The power of not knowing. Everyday when I go out to prepare a film, we prepare too much, we know too much, knowledge becomes a weight on wisdom. Simple words lost in the quicksand of experience. I come up and I say “What am I going to do today?” I’m not going to do what I planned to do. I’m going to put myself into an absolute panic—it’s my one way of getting rid of my mind. Getting rid of this mind that’s saying “Hey you know what you’re doing, you know exactly what you’re doing, you’re a director, you’ve done it for years.” So I gotta get there and be in complete panic. It’s a symbolic gesture, I tear up the script. I panic myself. I get scared.

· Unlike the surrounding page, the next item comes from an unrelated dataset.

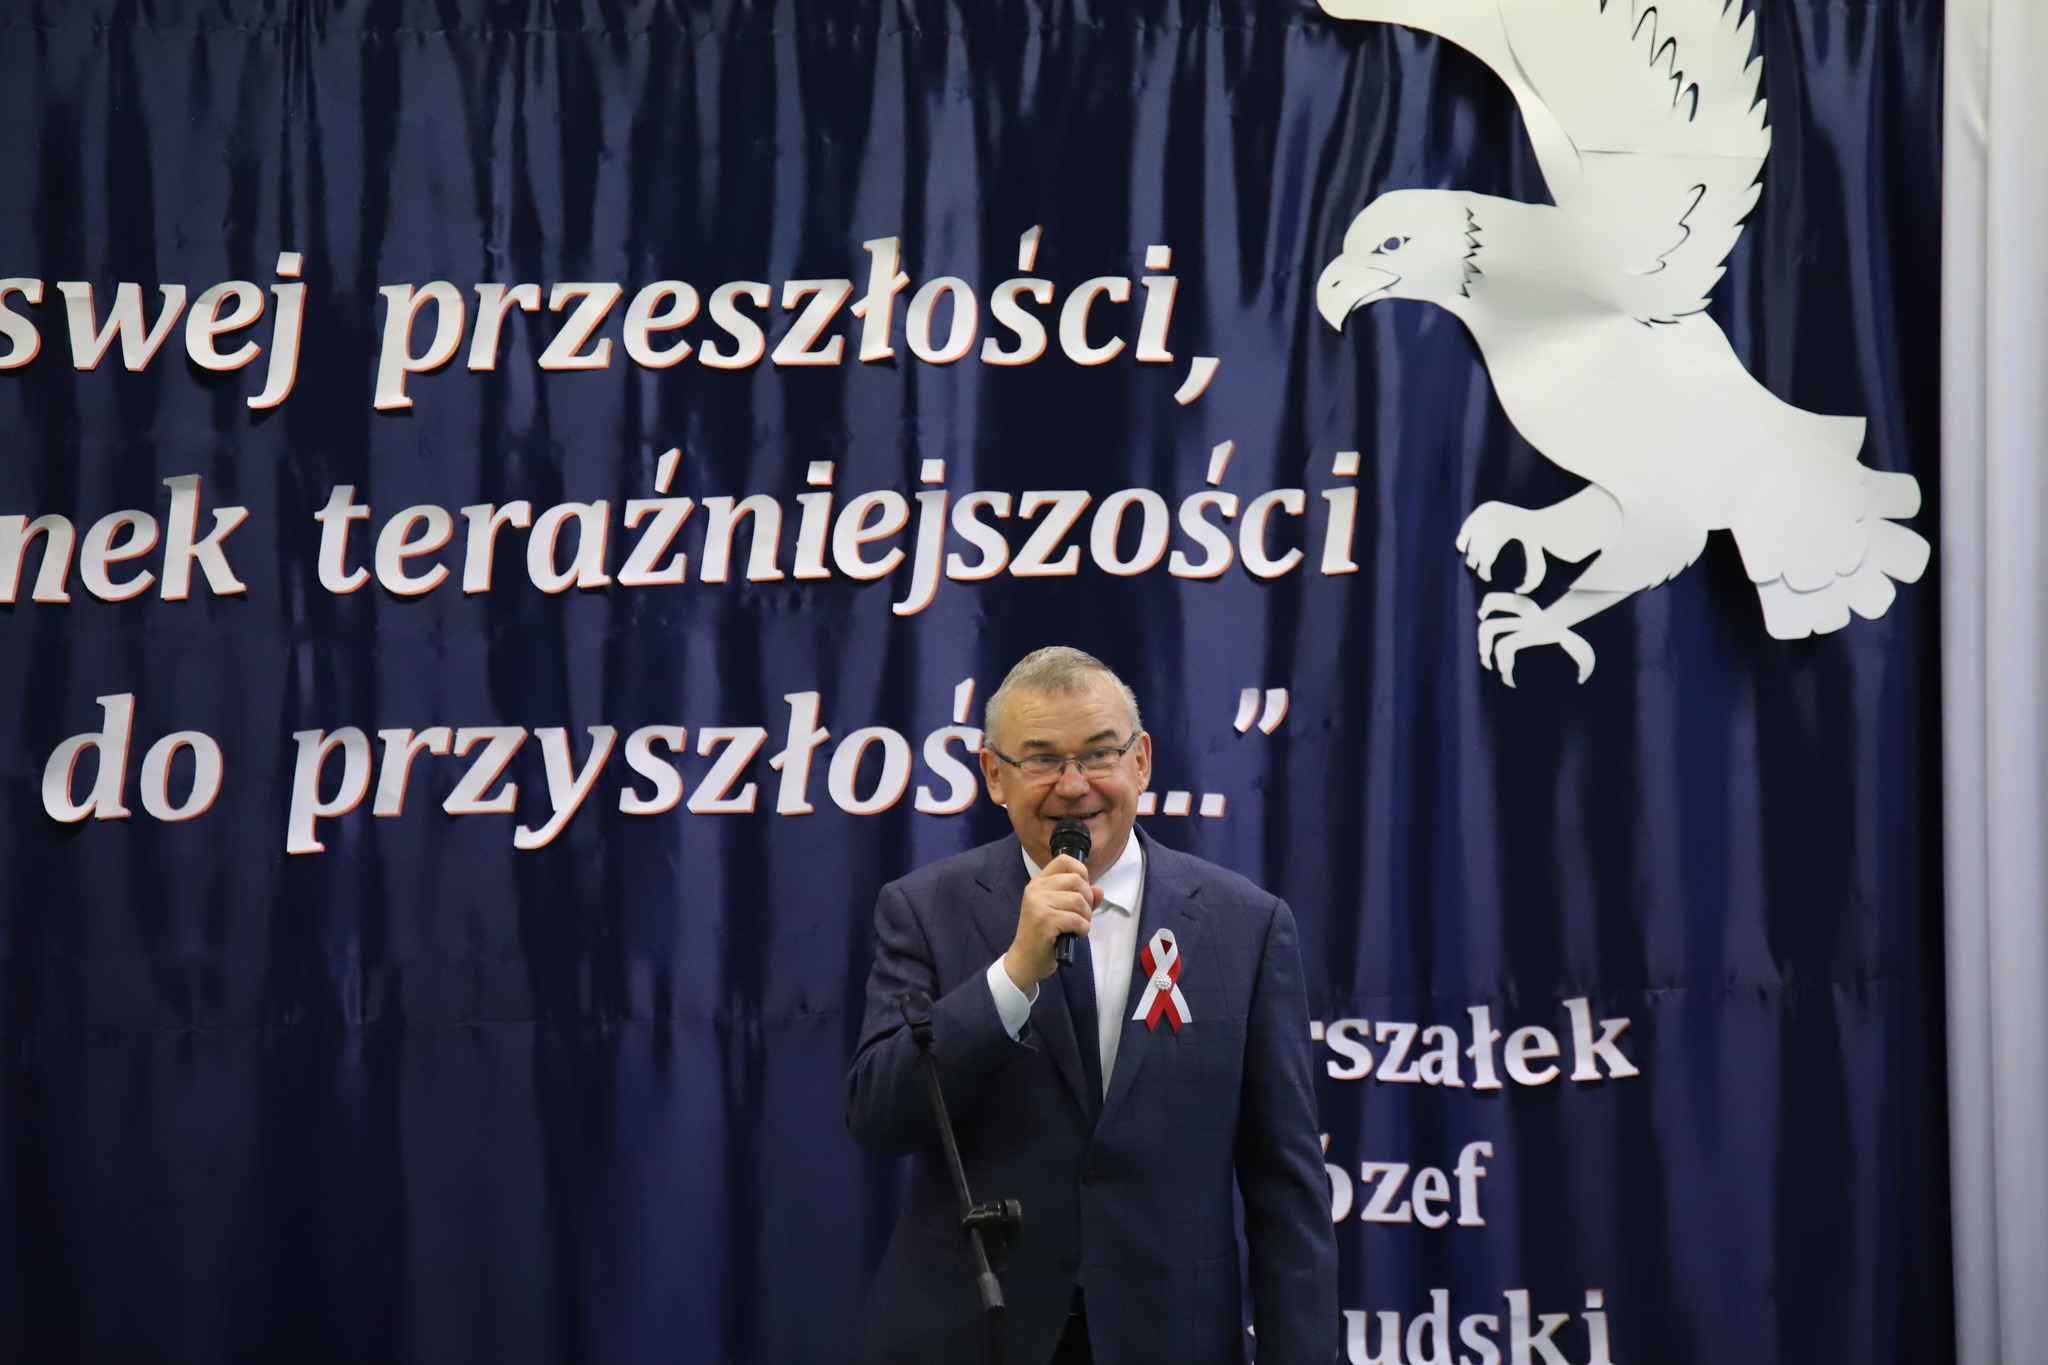 Wójt Gminy Brańsk Andrzej Jankowski w trakcie wystąpienia

As you can see I’m doing it now, I’m getting nervous. I start to say “ I don’t know what I’m doing, I don’t know what to say, I don’t know how to go there.” And as I go there they ask me, “Do you know what you’re going to do?” and I say “Of course I do.” I am allowing myself to go into chaos. Because out of chaos I’m hoping some moments of truth will come. All preparation is preparation, I don’t even know if it’s honest. I don’t even know if it’s truthful. The truth comes on the moment, organically, and if you get 5 great moments of organic storytelling, or on film, on your film, your audiences will get it. I’m looking for those moments…

The first thing I learned about storytelling was panic. Panic, panic. Panic is the great access to creativity. That’s the only way to get rid of your mind. Get rid of your mind. Get out of it and let’s go to the Universe because there’s something out there that’s more truthful than your mind. Find the emptiness, and then out of emptiness find the moment of creativity.

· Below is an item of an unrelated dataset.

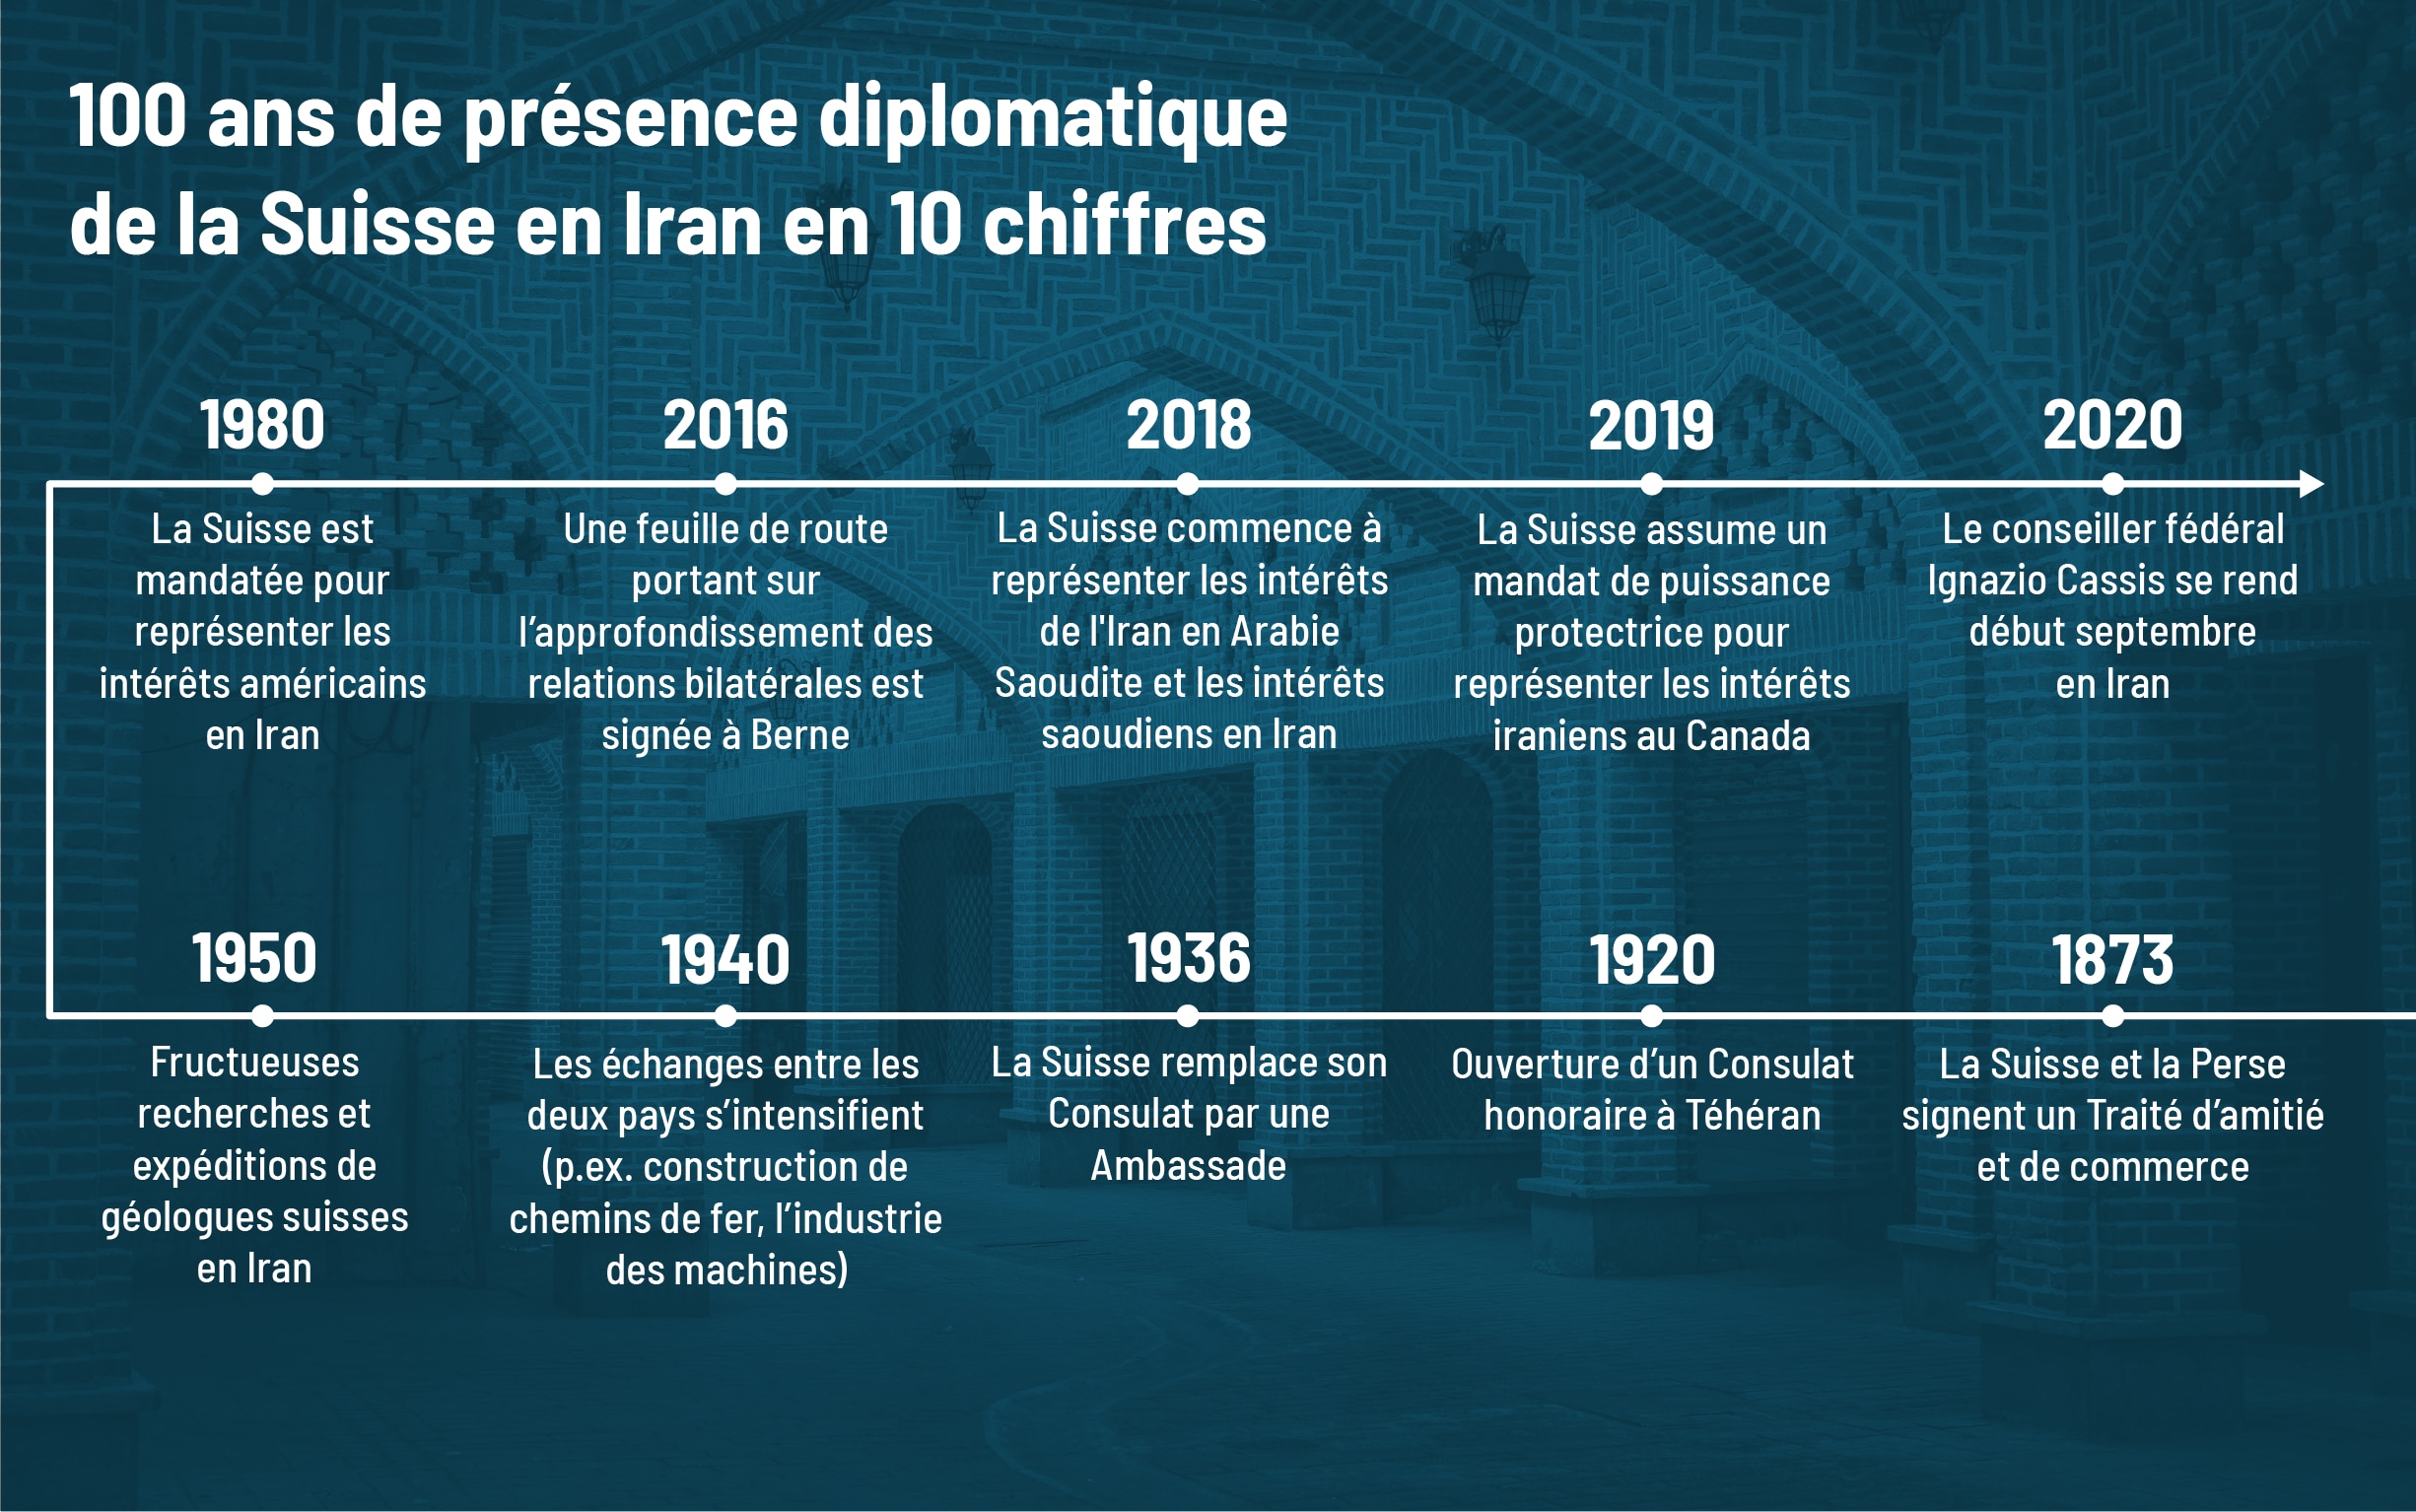 Infographie sur les 100 ans de présence diplomatique de la Suisse en Iran en 10 chiffres.

If someone doesn’t have a story, they don’t exist. I tell a story, therefore I exist. We create stories to define our existence.

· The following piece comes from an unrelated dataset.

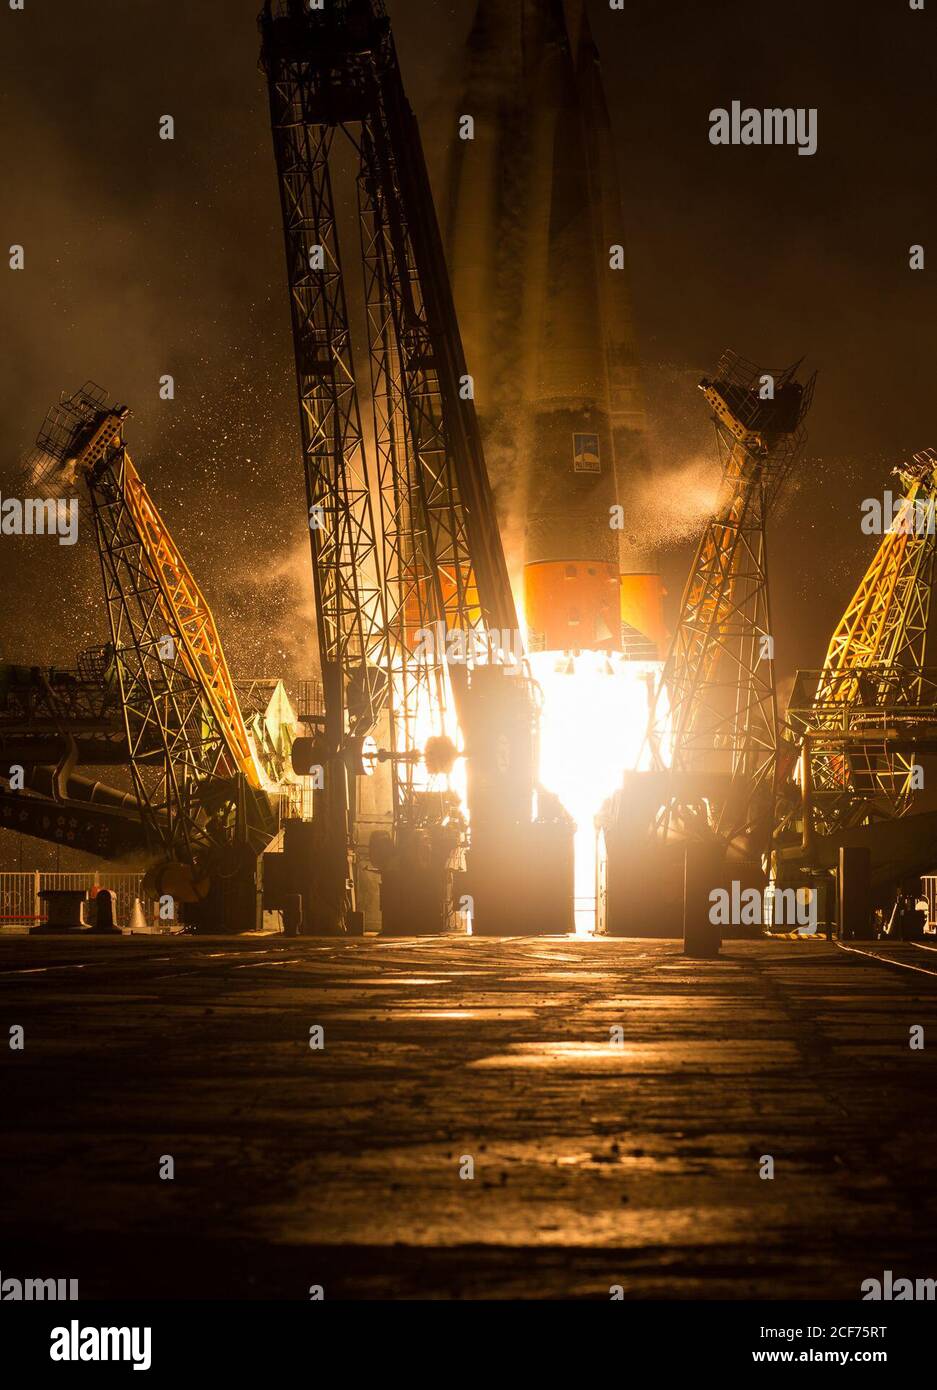 La fusée Soyouz TMA-20M est lancée à partir du cosmodrome de Baïkonour au Kazakhstan le samedi 19 mars 2016, transportant l'expédition 47 le commandant de Soyouz Alexey Ovchinin de Roscosmos, ingénieur de vol Jeff Williams de la NASA, Et l'ingénieur de vol Oleg Skripochka de Roscosmos en orbite pour commencer leur mission de cinq mois et demi sur la Station spatiale internationale. (Photo : NASA/Aubrey Gemignani) Banque D'Images

The problem with storytelling in Hollywood is that we try to resolve a contradiction. Harmony is not resolution. It is a suggestion of a thing much larger than resolution. Harmony is something that is embracing and universal and off of eternity and off the moment. Resolution is limited, it is finite. Harmony is infinite. Storytelling is looking for harmony and infinity in moral resolutions, it is about resolving one and letting another one go, letting another one go, and asking questions is really important.